Уже потом, много позже, поговорив и посмеявшись, когда, опустошенные и счастливые, они отдыхали, дон Ригоберто растроганно поцеловал руку жены:
– Как ты изменилась, Лукреция. Теперь я не просто люблю тебя всем сердцем. Я восхищаюсь тобой. Я уверен, что еще многому научусь у тебя.
– И в сорок лет многому учишься, – изрекла она, лаская его. – А мне, Ригоберто, иногда – вот сейчас, например, – кажется, что я заново появилась на свет. И никогда не умру.
Было ли это новообретенной независимостью?
Поначалу ты не увидишь, не распознаешь меня, но наберись терпения, смотри. Смотри, отрешась от предрассудков и предубеждения, вооружась упорством, призвав на помощь свободу и желание. Смотри, дав волю фантазии и воспламенив плоть. Сюда входят, как послушница – в обитель, как любовник в спальню возлюбленной: решительно, без мелочных расчетов, ничего не требуя и все отдавая, лелея в душе чувство, что все это – навсегда. Только при соблюдении всех этих условий начнет постепенно оживать холст, покрытый синеватыми и лиловыми пятнами, оживать, переливаться иными цветами, обретать смысл и значение, становиться тем, что он и есть в действительности, – лабиринтом любви.

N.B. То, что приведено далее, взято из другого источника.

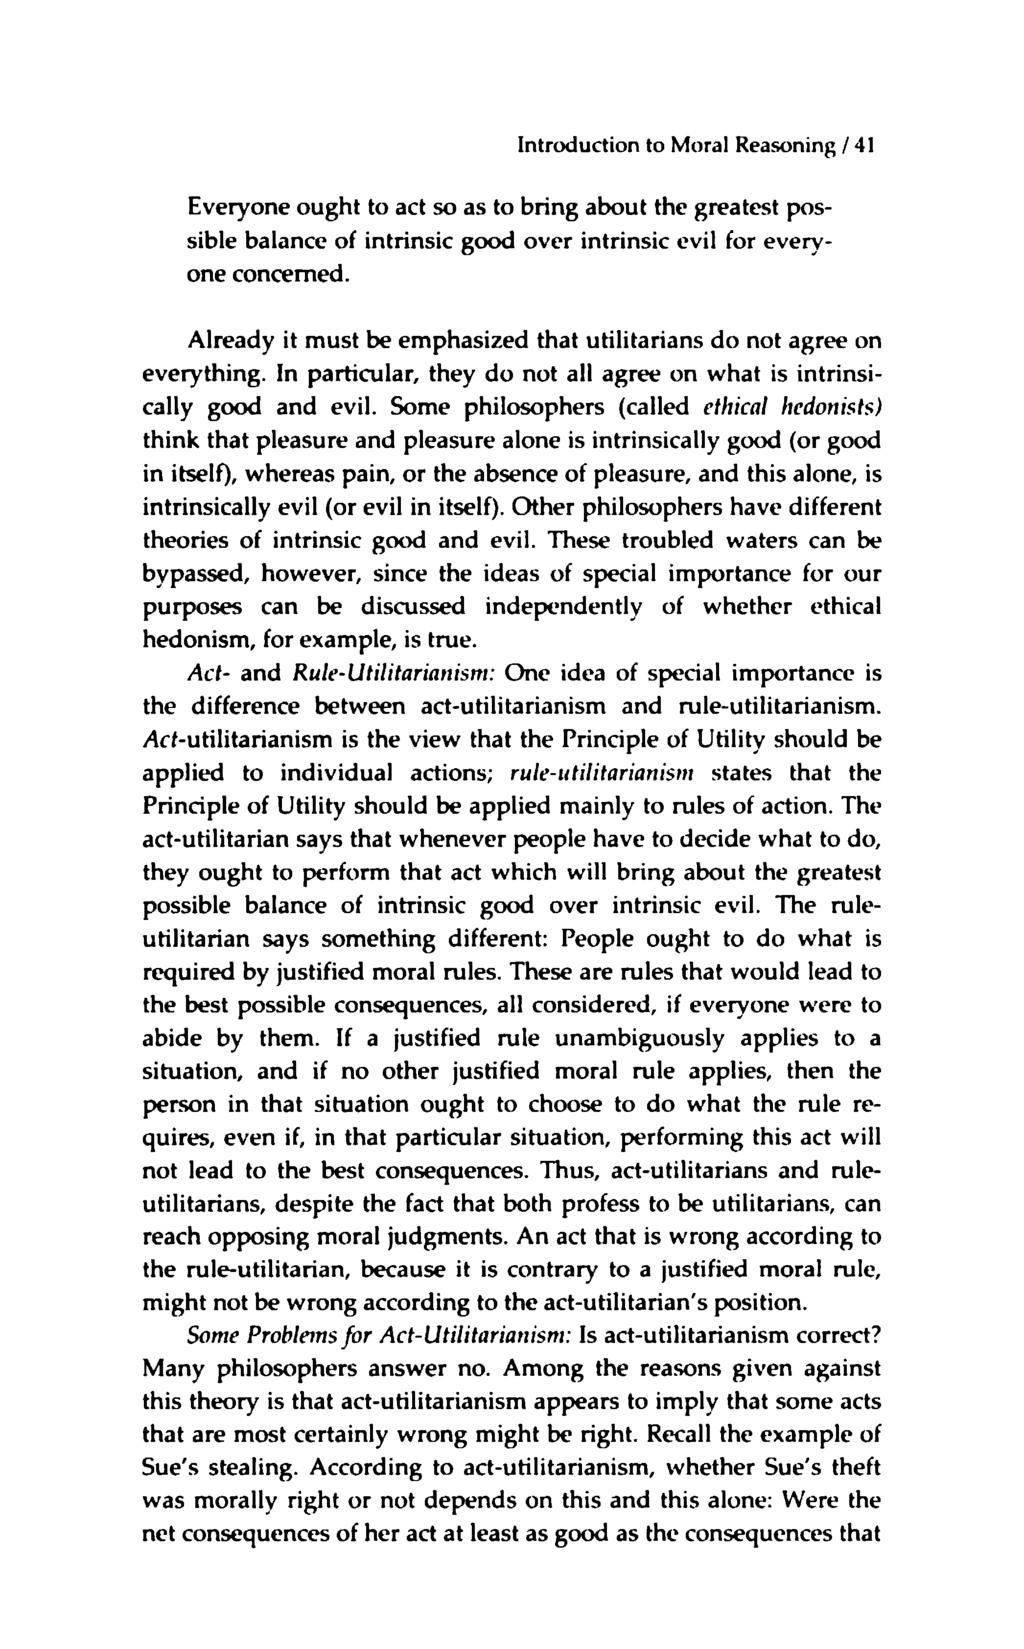 Introduction to Moral Reasoning / 41 Everyone ought to act so as to bring about the greatest possible balance of intrinsic good over intrinsic evil for everyone concerned.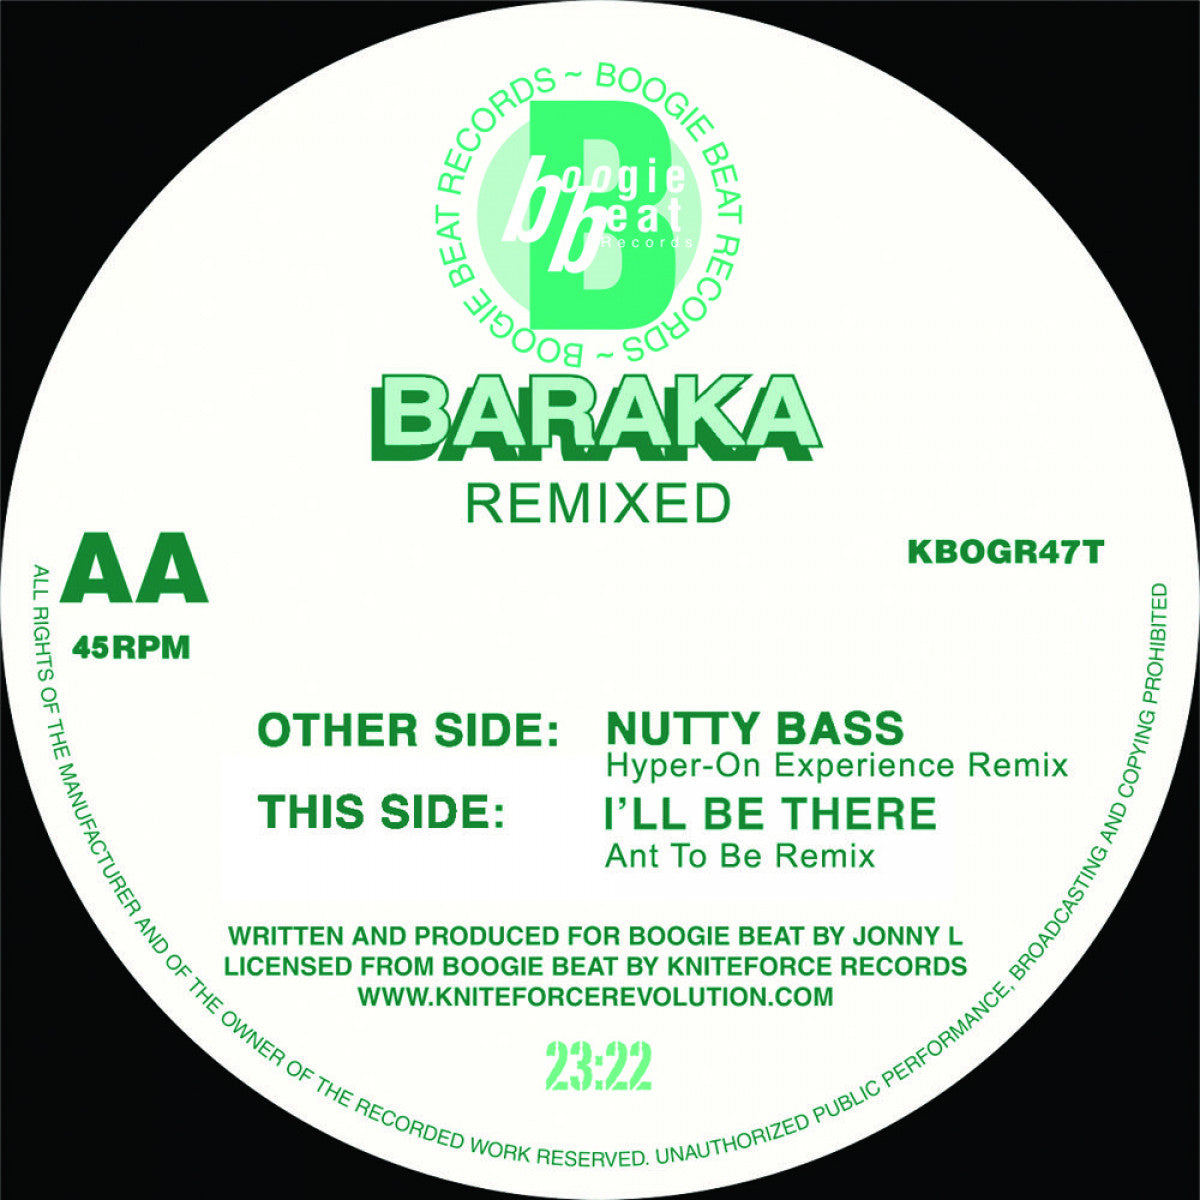 Baraka - Nutty Bass / I’ll Be There Remixes EP

Геометрическая фигура в центре, этот плоский силуэт какого-то трехногого толстокожего зверя – это алтарь, жертвенник или, если тебя тошнит от религиозной символики, театральная декорация. Здесь только что завершилось некое разнузданное действо, жестокое и сладостное, и то, что ты видишь, – это его следы, его последствия. Мне ли не знать этого: ведь это я была жертвой, счастливой жертвой и одновременно – вдохновительницей и исполнительницей обряда. Багряные пятна на лапах допотопного чудища оставлены моей остывающей кровью, твоим хлынувшим семенем. Да, мой милый, то, что распростерлось на ритуальном камне, – это скользкое нечто, покрытое сочащимися язвами и тонкими перепончатыми мембранами, зияющее черными дырами, выделяющее из всех своих желез белесоватый гной, – это я. Пойми меня, это я, увиденная изнутри и снизу в тот миг, когда ты обжигаешь меня и выжимаешь, как плод. Это я, извергающаяся, я, растекающаяся под твоим внимательным взглядом, взглядом распутника, который уверенно и успешно сделал, что хотел, и теперь созерцает и размышляет.
Потому что, дорогой мой, ты тоже там. Ты глядишь на меня, словно вскрывая мое тело, твои глаза – как нож патологоанатома, а разум насторожен и чуток, как у алхимика, неотрывно, ночь напролет, следящего за действием разработанного им снадобья – светящегося эликсира наслаждения. Там, слева, среди темно-коричневых пятен, напряженно выпрямившийся, освящающий елеем мусульманские полумесяцы, окутанный покрывалом из ярких перьев, превратившийся в тотем, сверкающий шпорами, покрытый алым пушком, разглядывающий меня, – кто же, как не ты? Ты только что воплотился в разглядывателя и соглядатая. Еще мгновение назад ты был слеп и стоял на коленях меж моих раздвинутых ног, как грязный и усердный раб, раздувая мое пламя. Теперь ты наслаждаешься, глядя, как я наслаждаюсь, теперь ты размышляешь. Теперь ты желал бы растворить меня в теории.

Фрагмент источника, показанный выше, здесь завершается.